What if we call a member function from pointer of derive class which points to base object

Question

class A
{
    public:
        virtual void Print()
        {
            cout<<"A"<<endl;
            Print(1);
        }
        void Print(int n)
        {
            cout<<"A - "<<n<<endl;
        }
};


class B: public A
{
    public:
        void Print()
        {
            cout<<"B"<<endl;
            Print(1);
        }
        void Print(int n)
        {
            cout<<"B - "<<n<<endl;
        }
};

class C:public B
{
    public:
        void Print()
        {
            cout<<"C"<<endl;
            Print(1);
        }
        void Print(int n)
        {
            cout<<"C - "<<n<<endl;
        }
};

int main()
{
    A *p=new B;
    p->Print();
    ((C*)p)->Print(9);
}

Above is my code. The result I got is :

B
B - 1
C - 9

My question is: why the object B can call a function member of class C (its child)? How can object B contain code of class C? I just think it will call class B member function. So the result should be:

B
B - 1
B - 9

Please help me understand what is going on.

Answer 1

To begin with, Print(int) is not a virtual function, whereas Print() is. So when you explicitly invoke C::Print(int) it does not do a lookup of that function in the virtual table. Instead, it just calls C::Print(int).
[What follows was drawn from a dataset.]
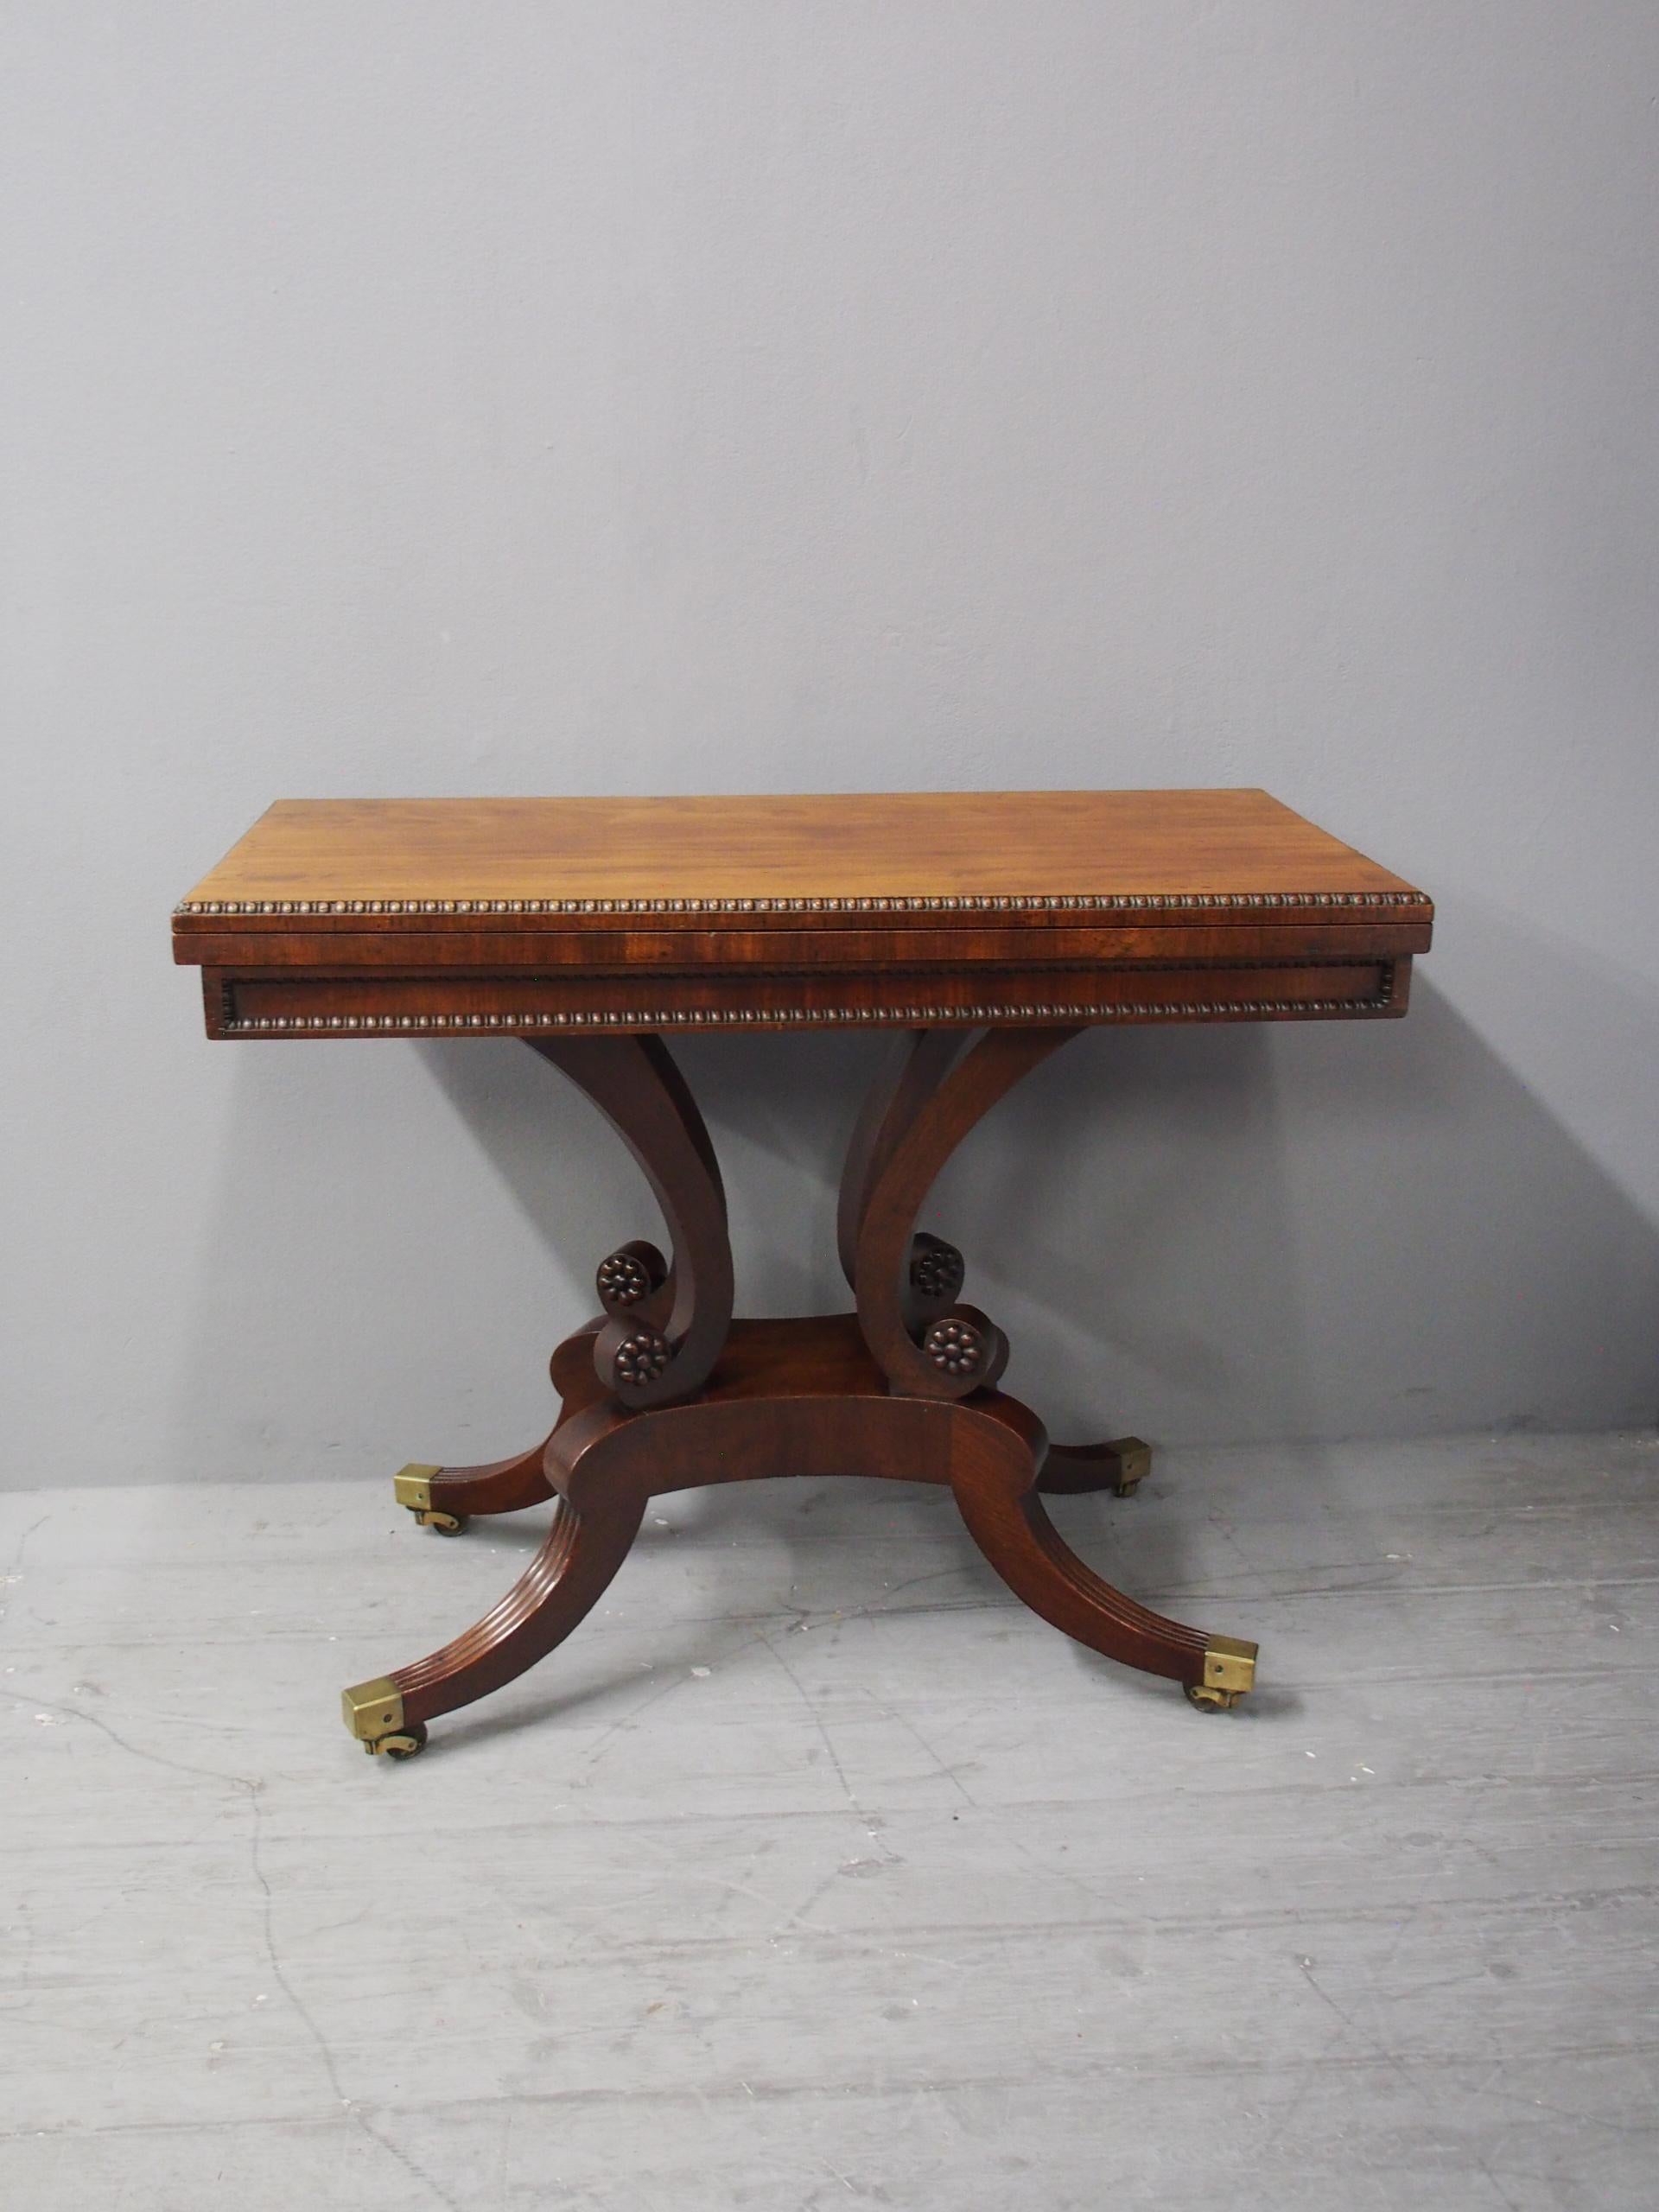 Regency mahogany tea table by William Trotter of Edinburgh. The rectangular fold over top has a beaded molded edge, and stands on the classic Trotter design, scrolling supports with carved rosettes on a quadriform base. This has hipped, reeded sabre

The weird thing is that you have cast something to C that is not a C object. This is undefined behavior. Indeed, dynamic_cast<C*>(p) would return nullptr. What you are doing here is fundamentally incorrect.

You are welcome to call that function without the cast:

p->Print(9);

But because it's not a virtual function it will output "A - 9", as the type of p is A*.

If you only want to call that if it's a C-derived type, then you can safely do it like this:

if (C* pc = dynamic_cast<C*>(p))
    pc->Print(9);